Этьен сжимал ее в объятиях, а она, прильнув к нему в долгой ласке, лепетала, исходя блаженством:
— Ну какие же мы были глупые! Зачем так долго ждали? Я ведь рада была бы стать твоей, а ты не понимал, ты сердился… А помнишь ту ночь, у нас в доме, когда мы с тобой не спали? Лежим в постелях, прислушиваемся и чувствуем, что оба не спим. Ах, как нас тянуло тогда друг к другу!
Она заразила его своей веселостью, и он тоже принялся шутливо перебирать воспоминания о былых днях безмолвной любви.
— А помнишь, как ты мне надавала пощечин? Да, да, по обеим щекам отхлестала, помнишь?

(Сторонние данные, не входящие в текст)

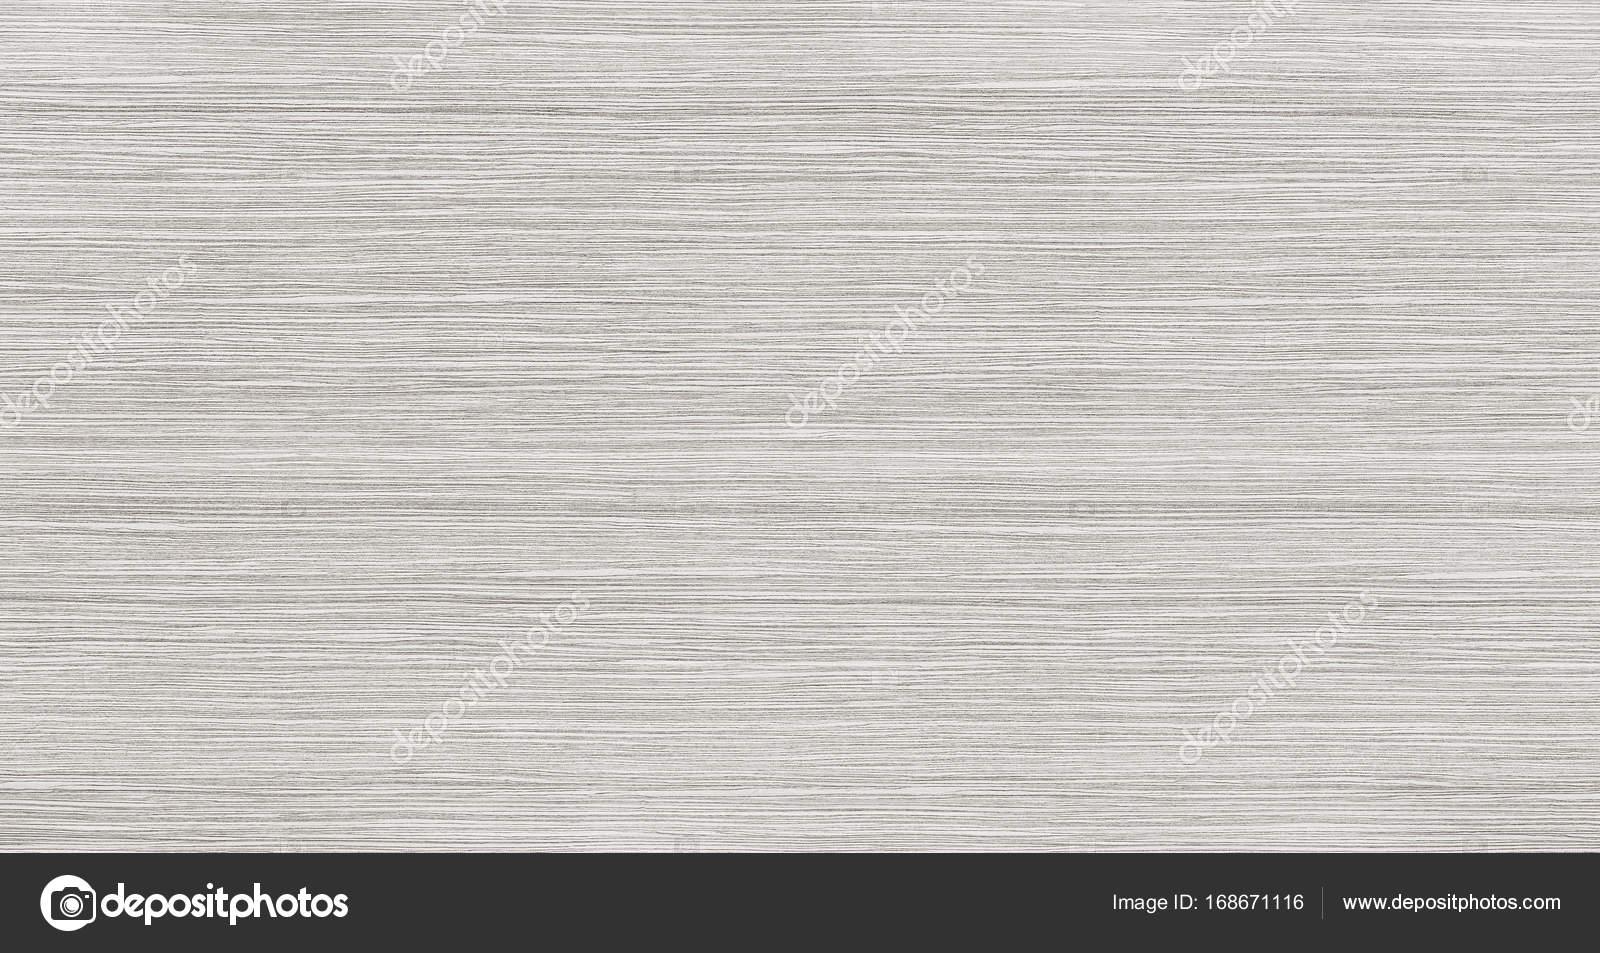 Legno Bianco Texture : Il legno bianco texture pavimento in laminato foto immagine

— Да ведь я любила тебя, — шептала она. — Я, знаешь ли, запрещала себе думать о тебе: не надо, все кончено, а в глубине души знала, что рано или поздно мы будем вместе… Придет какой-нибудь случай, счастливый случай, и сблизит нас… Вот и пришло к нам счастье, правда?
Его бросало в дрожь, он пытался опомниться, очнуться от этого наваждения и все же повторял тихонько:
— Нет, ничто не бывает кончено навсегда. Достаточно искорки счастья, и начнется все заново.

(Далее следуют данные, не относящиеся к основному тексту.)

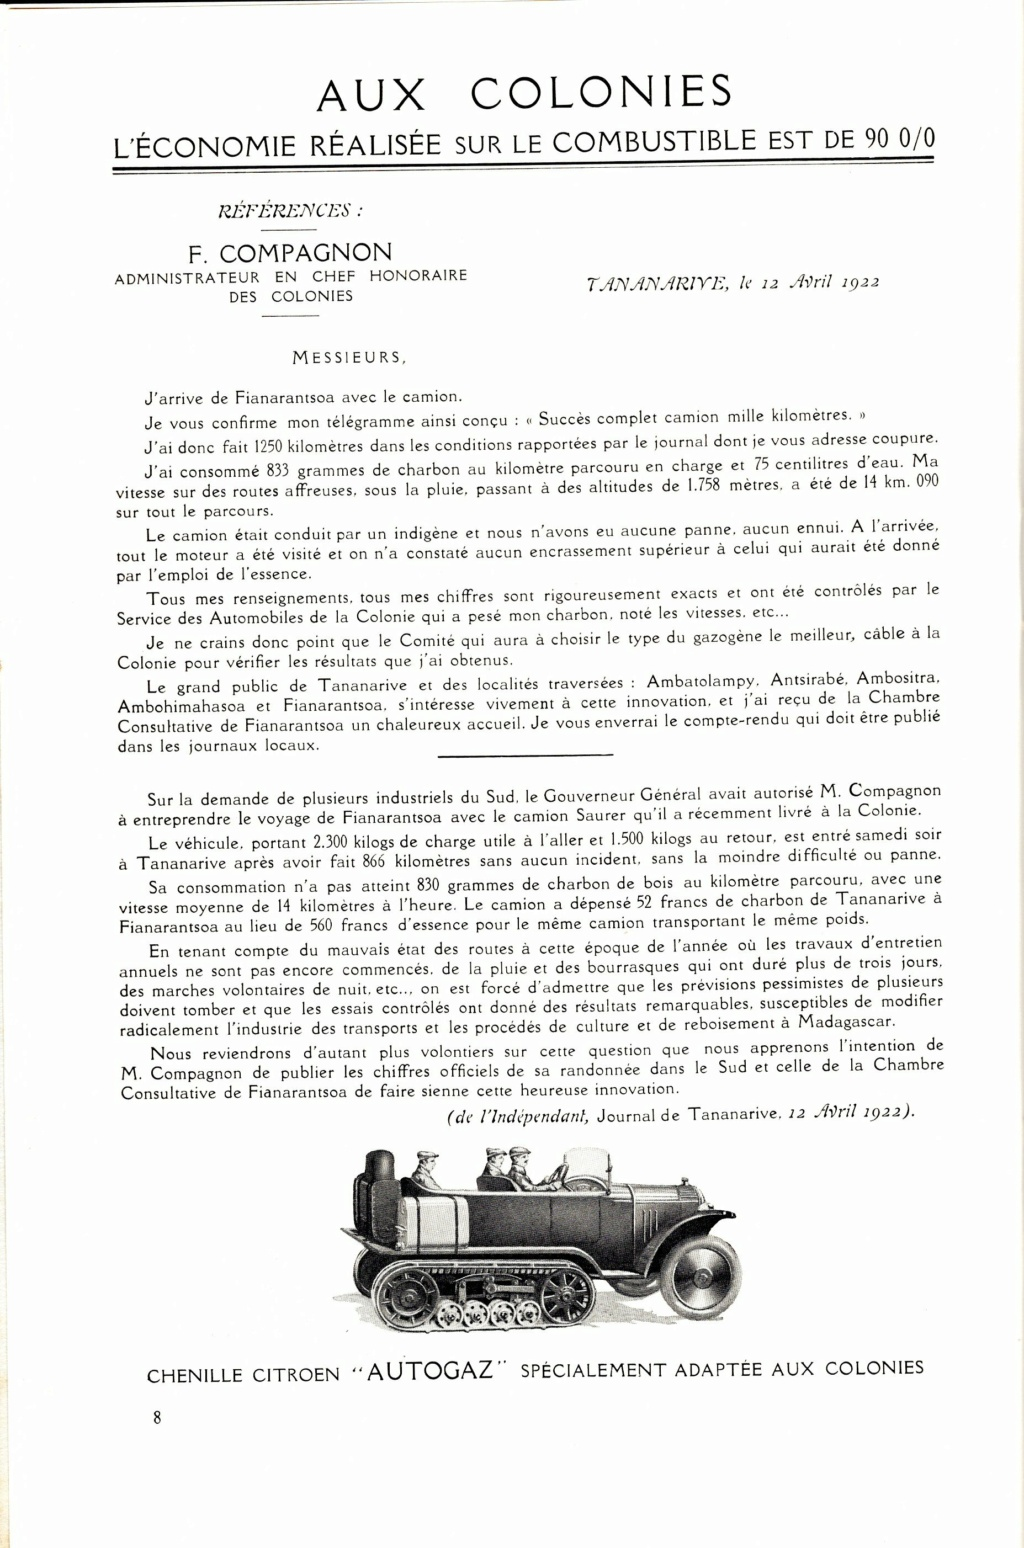 gazogene - Page 11 Img20453

— Так ты меня теперь не оставишь? Никому не отдашь, да? Ах, как мне хорошо!
И почти без чувств она выскользнула из его объятий. Она была так слаба, что голос ее, чуть слышный, совсем затих. Этьен испуганно подхватил ее, прижал к груди.
— Тебе плохо?
Она выпрямилась, сказала удивленно:
— Нет, нисколько! Почему мне может быть плохо?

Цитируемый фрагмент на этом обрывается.